En menos de un año esta Cataluña ha emprendido un nuevo camino. Atrás han quedado 23 años de reino cortesano y populista, con sus "otros catalanes" excluidos de una Generalitat de particulares; que celebraba su Diada nacional tan sólo ante un Rafael Casanova convertido en un Don Tancredo inmovilizado, al que las élites partidistas ofrecían su satisfecha apatía real, disfrazada de reivindicación perpetua, con la ayuda de un ingenuo orfeón que clamaba belicosamente su victimismo inoperante e insultante. La única fiesta nacional que la Generalitat celebraba, según su ideología medievalizante era la chocolatada, tras una misa, que el rey de Cataluña ofrecía en su onomástica el día, sin duda, más popular del año. Era, pues, urgente, concebir y realizar un acto solemne que sintetizara la Cataluña alternativa mediante la simbología que mejor la expresara y que hiciera visible a los ciudadanos sus valores profundos, su proyecto político y el horizonte de su futuro nacional.

Un buen lugar democrático es el parque, donde la naturaleza libre y plural se ordena y recoge para el encuentro de todos en un mismo solaz festivo, atravesado por los presidentes del Parlamento y de la Generalitat desde la estatua de Prim,el demoledor de la Ciudadela opresora. No hay espectáculo pasivo de un desfile militar, sino acto de culto, ritual, a la patria popular y a su única bandera, no por oficial, sino por propia. Acto religioso, religante, sobrio, austero, emotivo hasta el fondo. La luz del mediodía exige transparencia de los gobernantes y el sol de justicia que cae sobre ellos ha de hacerles sudar ante las demandas sociales de un patriotismo cívico y exigente. Comienza luego la catarsis de asumir todos una historia de guerras para redimirla del odio y del rencor y hacernos aptos para el diálogo y la paz. Recordado el antiguo romance del Corpus de Sangre, dos niños entregan a los presidentes los versos de Martí Pol "Convertiremos el antiguo dolor en amor y lo legaremos, solemnes, a la historia". Al pronunciar una voz en off la palabra paz, los Mossos d'Esquadra,desarmados, se ponen en marcha como un ejército pacífico, aplaudidísimo, que simboliza la garantía mejor que ofrece la razón y el derecho y que camina a la sombra de los tilos, signo ancestral de sanación y paz. Llach canta que "no nos guía otra bandera que la libertad" y que "si la lucha es sangrienta será para vergüenza de la sangre". Serrat canta a los "otros catalanes" y a los caídos en la última Guerra Civil. El Cant dels ocells, que Pau Casals oponía a la inhumanidad e inutilidad de toda guerra, vibra en la soprano de color que simboliza a todos los pueblos de la Tierra. El acto es, ante todo, música, lenguaje universal y el preferido de los catalanes que hace de baño purificador del sentimiento histórico.
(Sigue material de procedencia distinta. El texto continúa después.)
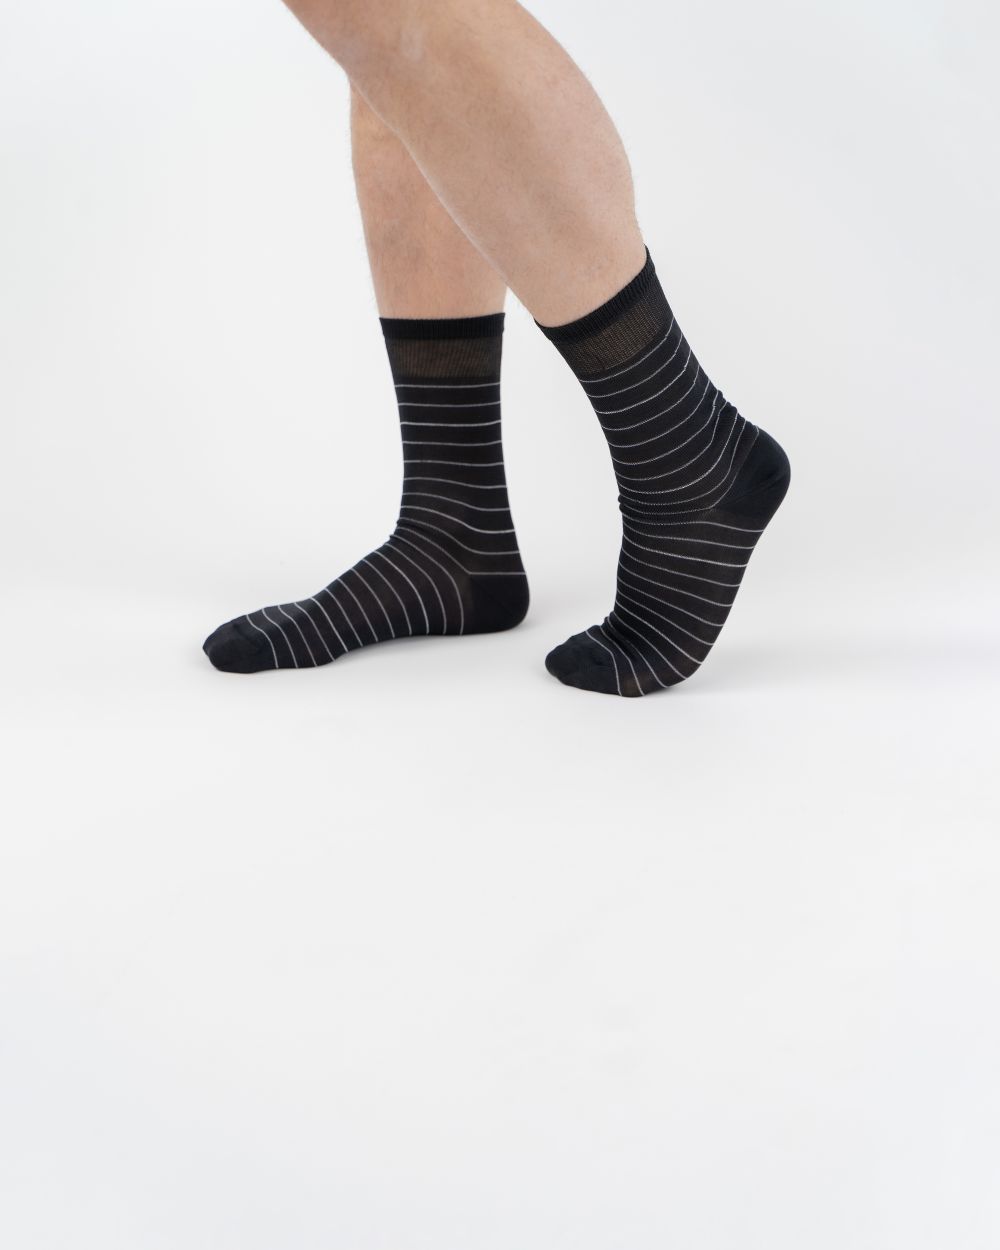 Navigare Intimo muške čarape tamno sive boje

Cumplida la catarsis colectiva, se puede ya izar la senyera del Ayuntamiento de Organyà acompañada por el himno nacional que todos cantan unidos. Cada año un ayuntamiento aportará la suya porque Cataluña es cada uno de ellos y es notoria la tradición municipalista de nuestro país.

Se ha fundado una nueva tradición. La Diada del futuro simbolizará el proceso creador de una pequeña comunidad política, internacional en su interior y externamente universal, que se gana con esfuerzo, coraje y paciencia un lugar digno e influyente en España, Europa y el mundo entero. Diada de la verdadera patria: aquella en la que se practiquen los valores de justicia, libertad, progreso y fraternidad contra la pobreza, el odio y el fanatismo. Todos los partidos elogiaron el acto sin reservas, desde el PP a ERC. Sólo Artur Mas, el solitario, lo calificó de "simple complemento" y encontró que su mensaje de universalidad y su liturgia, propia de cualquier Estado, "despersonalizaba a Cataluña". La consejera de Interior, Montserrat Tura, responsable eficaz del acto, le preguntó a la joven arquitecta que había concebido y realizado hasta el detalle su guión cómo lo calificaría, una vez celebrado. "Como un acto de amor" fue la respuesta.